------ COLLECTED DATA
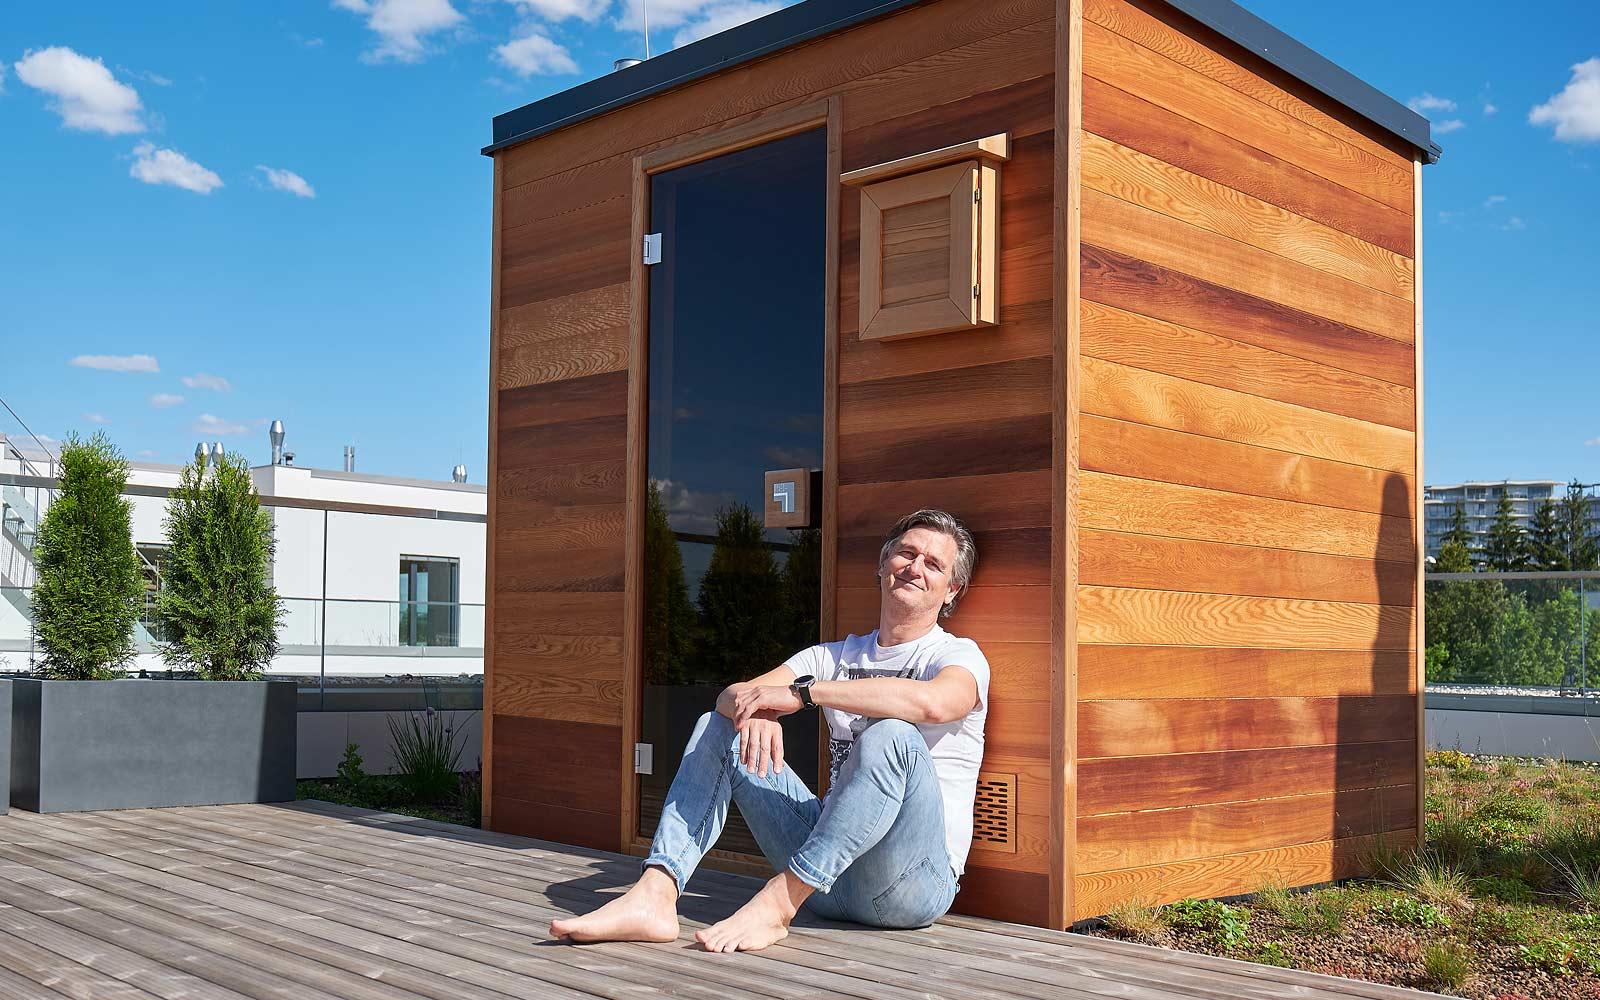 Užívejte si domácí saunování i s krásným výhledem
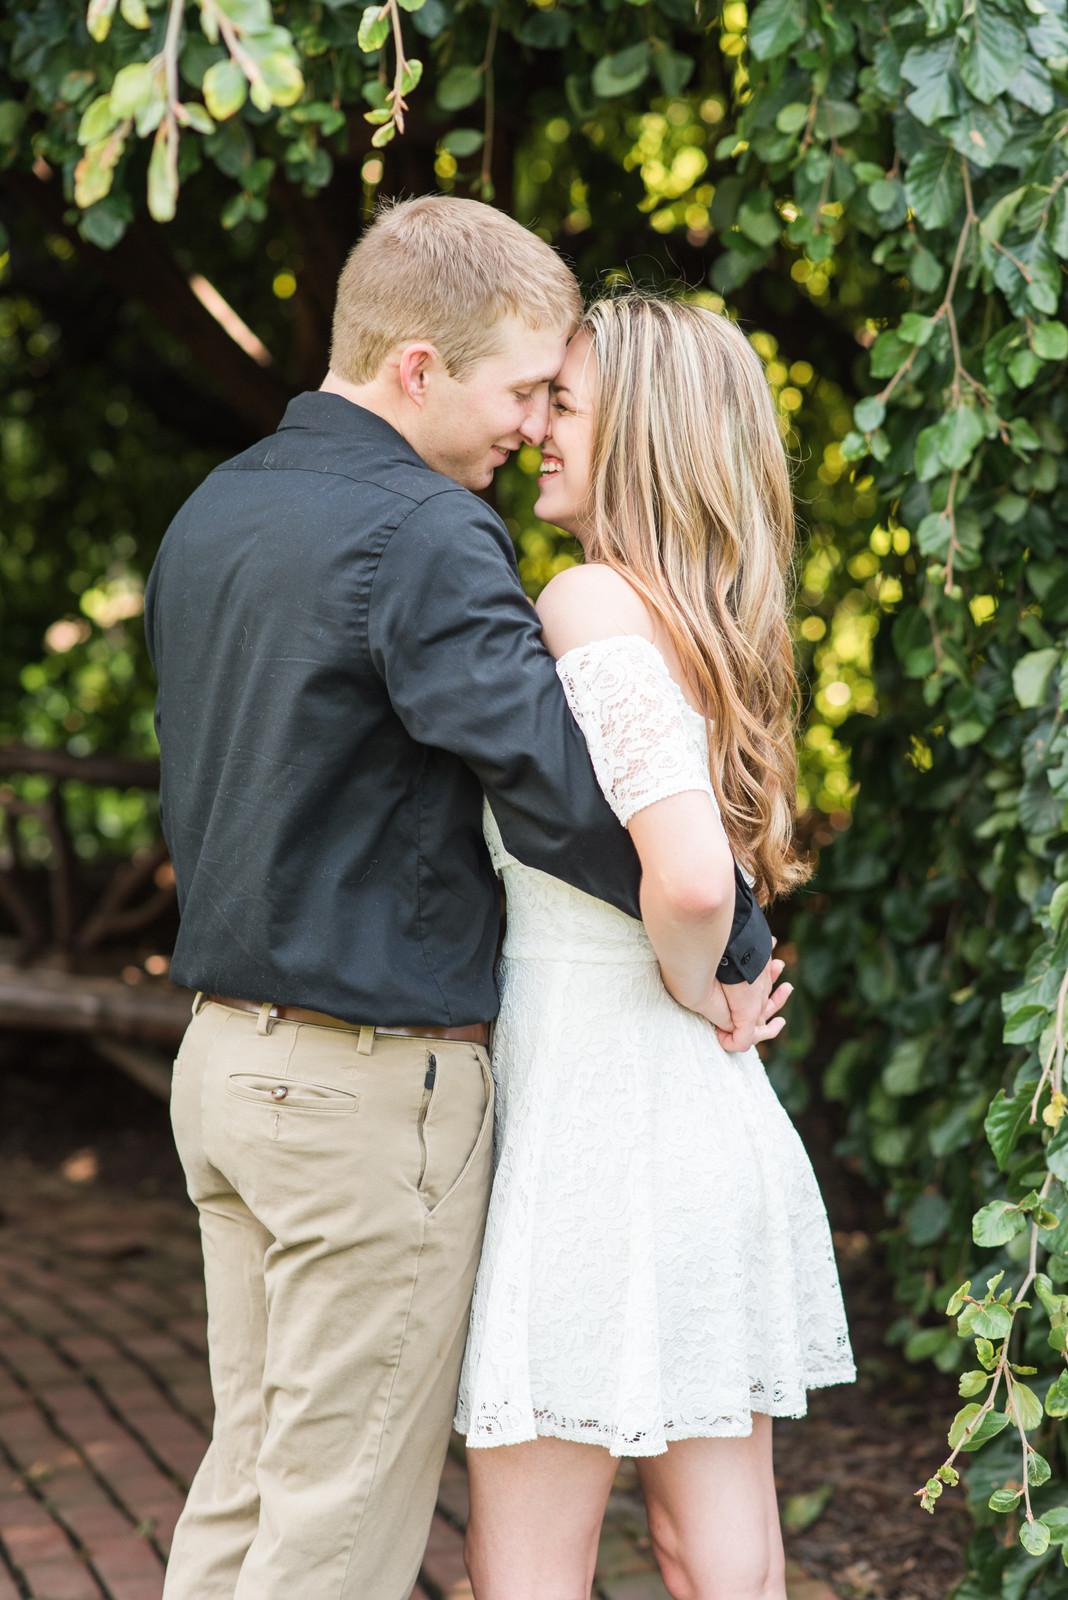 Adam og Eva dating ekteskap byrå
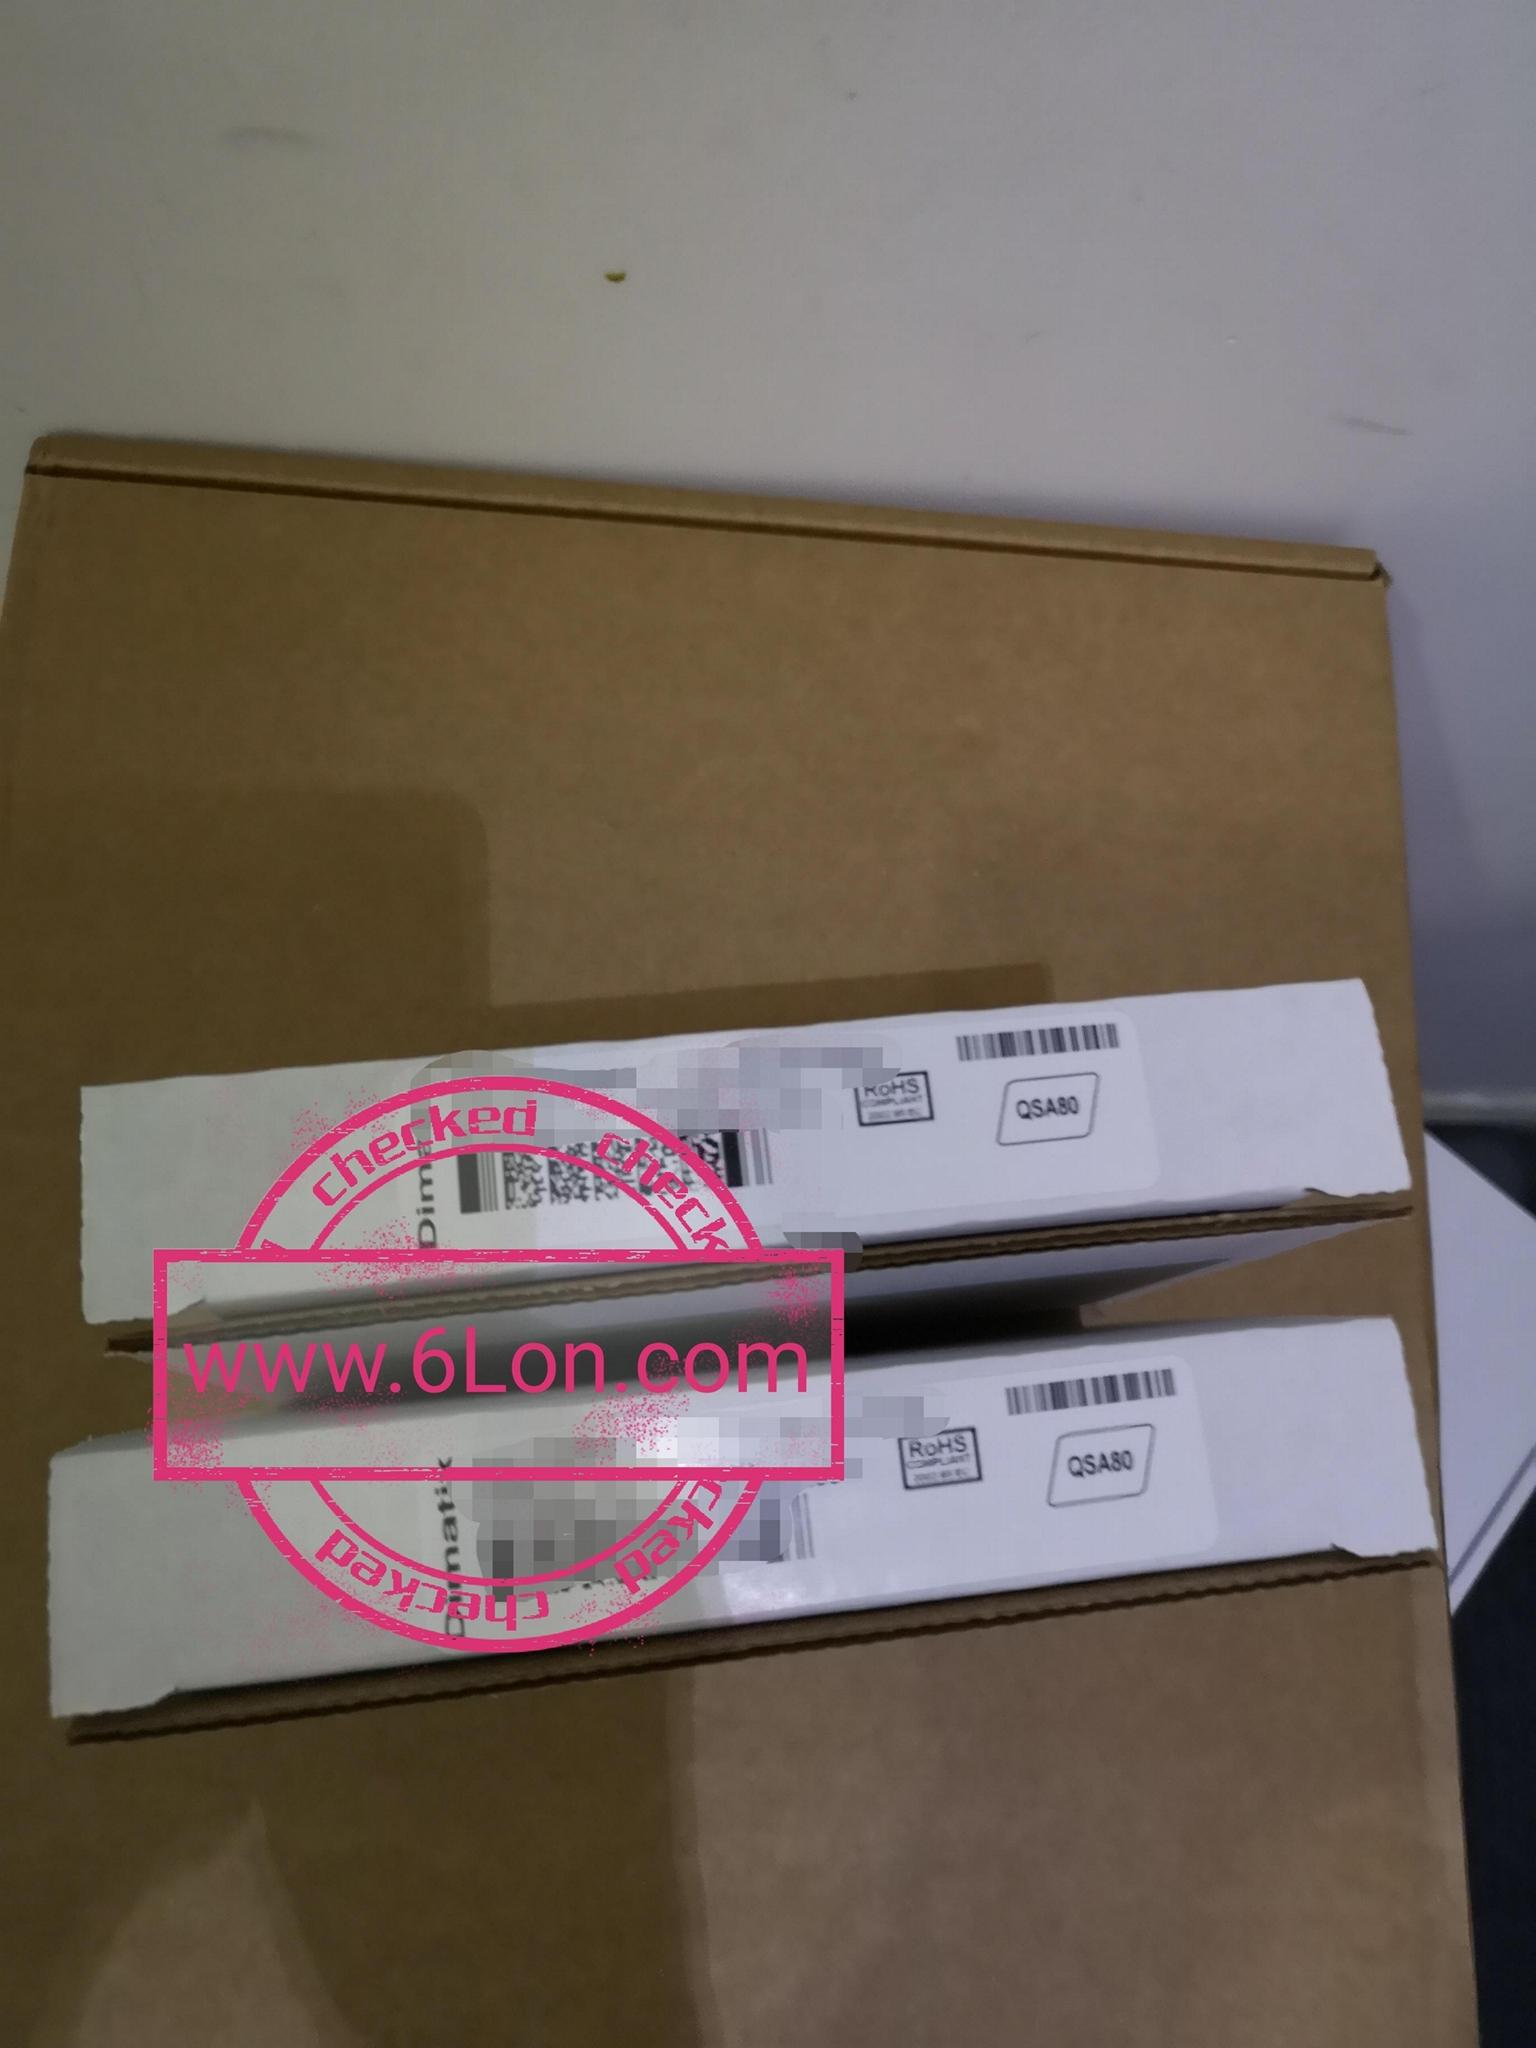 蓝宝石 QS256 80PL打印喷头
------------
● TASK ITEM
Counting both ends, reproduce word for word the lines from the line with "Adam og Eva dating ekteskap byrå" to the final line of the listing above, skipping every picture.

● FINISHED EXERCISE
 Adam og Eva dating ekteskap byrå
 蓝宝石 QS256 80PL打印喷头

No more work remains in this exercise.